Dependence on GPT-4o for tag filtering: Tag relevance judgments rely on LLM commonsense reasoning, which is susceptible to errors. The effectiveness of alternative LLMs or open-source substitutes remains unexplored.
Limited RAM vocabulary: Although 4,000+ tags provide broad coverage, fine-grained biases may still be missed.
Hyperparameter sensitivity: \((\alpha, \lambda)\) require per-dataset tuning, increasing the barrier to adoption.
Not validated on large-scale generative tasks: Evaluation is limited to classification; effectiveness in detection, segmentation, and generation tasks remains unknown.

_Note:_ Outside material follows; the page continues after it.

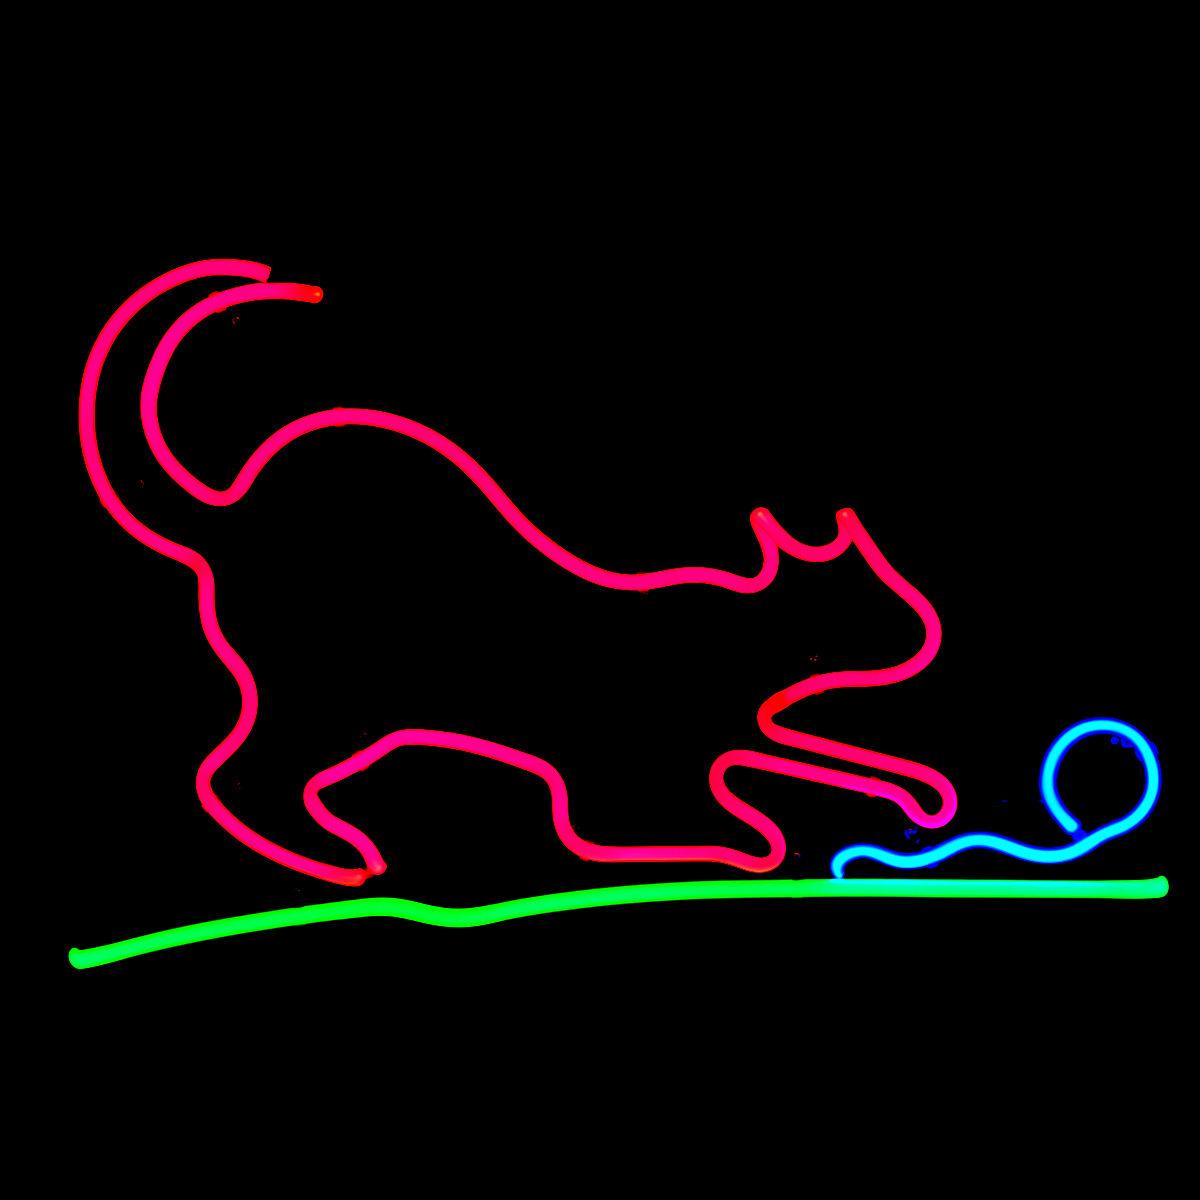 """ONE COOL CAT"" Designer Neon Light Sculpture by John Barton - BartonNeonMagic.com"

vs. LfF/JTT: These BU methods obtain pseudo-labels by training a bias proxy model and can only handle a single salient bias. MAVias leverages foundation models to directly discover multi-attribute biases without training a proxy model.
vs. FLAC: FLAC requires indirect access to bias labels and remains constrained to predefined biases. MAVias is fully open-set and requires no prior knowledge of biases.
vs. OpenBias: OpenBias performs open-set bias detection in text-to-image generation but relies solely on textual descriptions, lacking visual grounding. MAVias begins with image-level tag extraction and applies LLM filtering, yielding stronger visual grounding.

Rating¶

Novelty: ⭐⭐⭐⭐⭐ First open-set visual bias mitigation framework; creatively combines multiple foundation models.
Experimental Thoroughness: ⭐⭐⭐⭐ Evaluated on 4 datasets under both open-set and closed-set protocols; lacks validation across additional task types.
Writing Quality: ⭐⭐⭐⭐ Problem motivation is clearly articulated; methodological intuition is well explained.
Value: ⭐⭐⭐⭐⭐ Open-set bias mitigation is an important and underexplored direction with high practical value.